Amendment No. 1 to the John B. Sanfilippo & Son, Inc. 2014 Omnibus Incentive Plan

EX-10.12 2 d217852dex1012.htm EX-10.12 EX-10.12

Exhibit 10.12

Amendment No. 1 to the John B. Sanfilippo & Son, Inc. 2014 Omnibus Incentive Plan

Section 4.3 is amended and restated in its entirety to read:

4.3 Annual Award Limits. Subject to adjustment as set forth in Section 4.4 and as may be adjusted from time to time by resolution of the Board (which resolution shall have the same effect as if adopted by the Committee pursuant to Section 3.2 herein) (each of (a)-(c) an “Annual Award Limit” and collectively the “Annual Award Limits”):

(a) the maximum aggregate number of Shares for which Options or SARs may be granted to any Participant in any calendar year shall be 500,000 Shares (for avoidance of the doubt, this limit applies separately to each type of award);

(b) the maximum aggregate number of Shares that may be paid to any Participant in any calendar year under an Award of Restricted Stock, Restricted Stock Units, Performance Shares or Other Stock-Based Awards, in each case that are Performance-Based Compensation, shall be 250,000 Shares determined as of the date of payout (for avoidance of the doubt, this limit applies separately to each type of award); and

(c) the maximum aggregate amount that may be paid to any Participant in any calendar year under an Award of Performance Units, Cash-Based Awards or any other Award that is payable in cash, in each case that are Performance-Based Compensation, shall be $5,000,000 determined as of the date of payout.

Section 22.2 is amended and restated in its entirety to read:

22.2 Tax Withholding.

(a) Tax Withholding.
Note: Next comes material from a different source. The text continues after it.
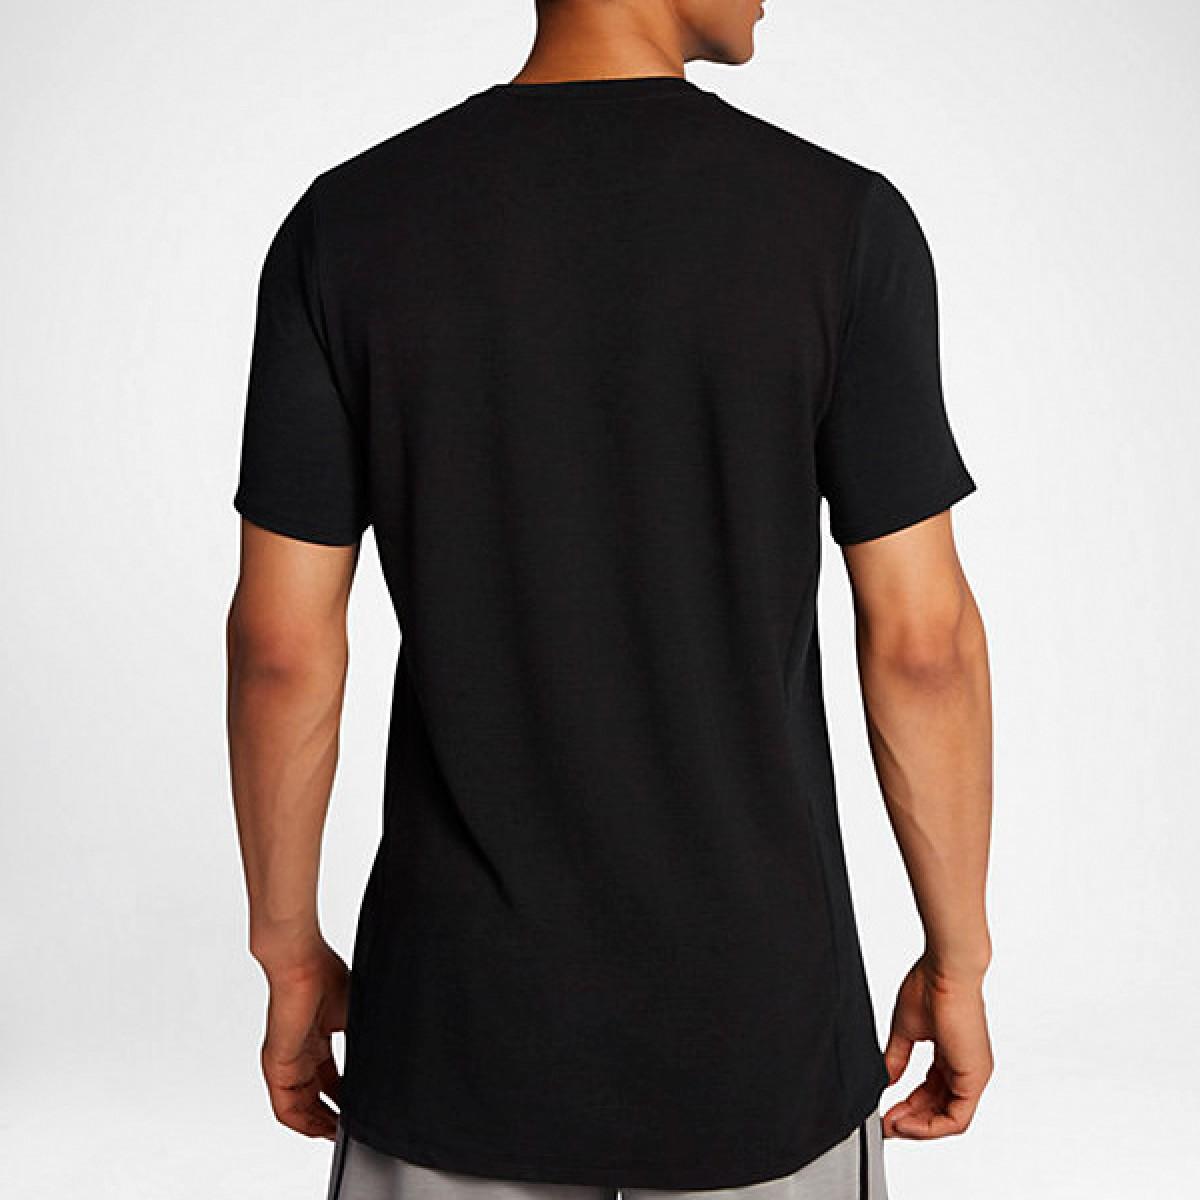 Nike Dry Top 'Black' 895206-010

The Company shall have the power and the right to deduct or withhold, or require a Participant to remit to the Company, the minimum statutory amount or such greater amount as may be permitted under applicable accounting standards or applicable law, to satisfy applicable federal, state and local tax withholding requirements, domestic or foreign, with respect to any taxable event arising as a result of this Plan.

(b) Share Withholding. With respect to withholding required upon the exercise of Options or SARS, upon the lapse of restrictions on Restricted Stock, upon the settlement of Restricted Stock Units, or upon the achievement of performance goals related to Performance Shares, or any other taxable event arising as a result of an Award granted hereunder (collectively referred to as “Share Payment”), a Participant may elect, subject to the approval of the Committee, to satisfy the withholding requirement, in whole or in part, by having the Company withhold from the Share Payment the number of Shares having a Fair Market Value on the date of the withholding is to be determined equal to the minimum statutory withholding requirement or such greater amount as may be permitted under applicable accounting standards or applicable law. All such elections shall be irrevocable, made in writing, and signed by the Participant, and shall be subject to any restrictions or limitations that the Committee, in its sole discretion, deems appropriate.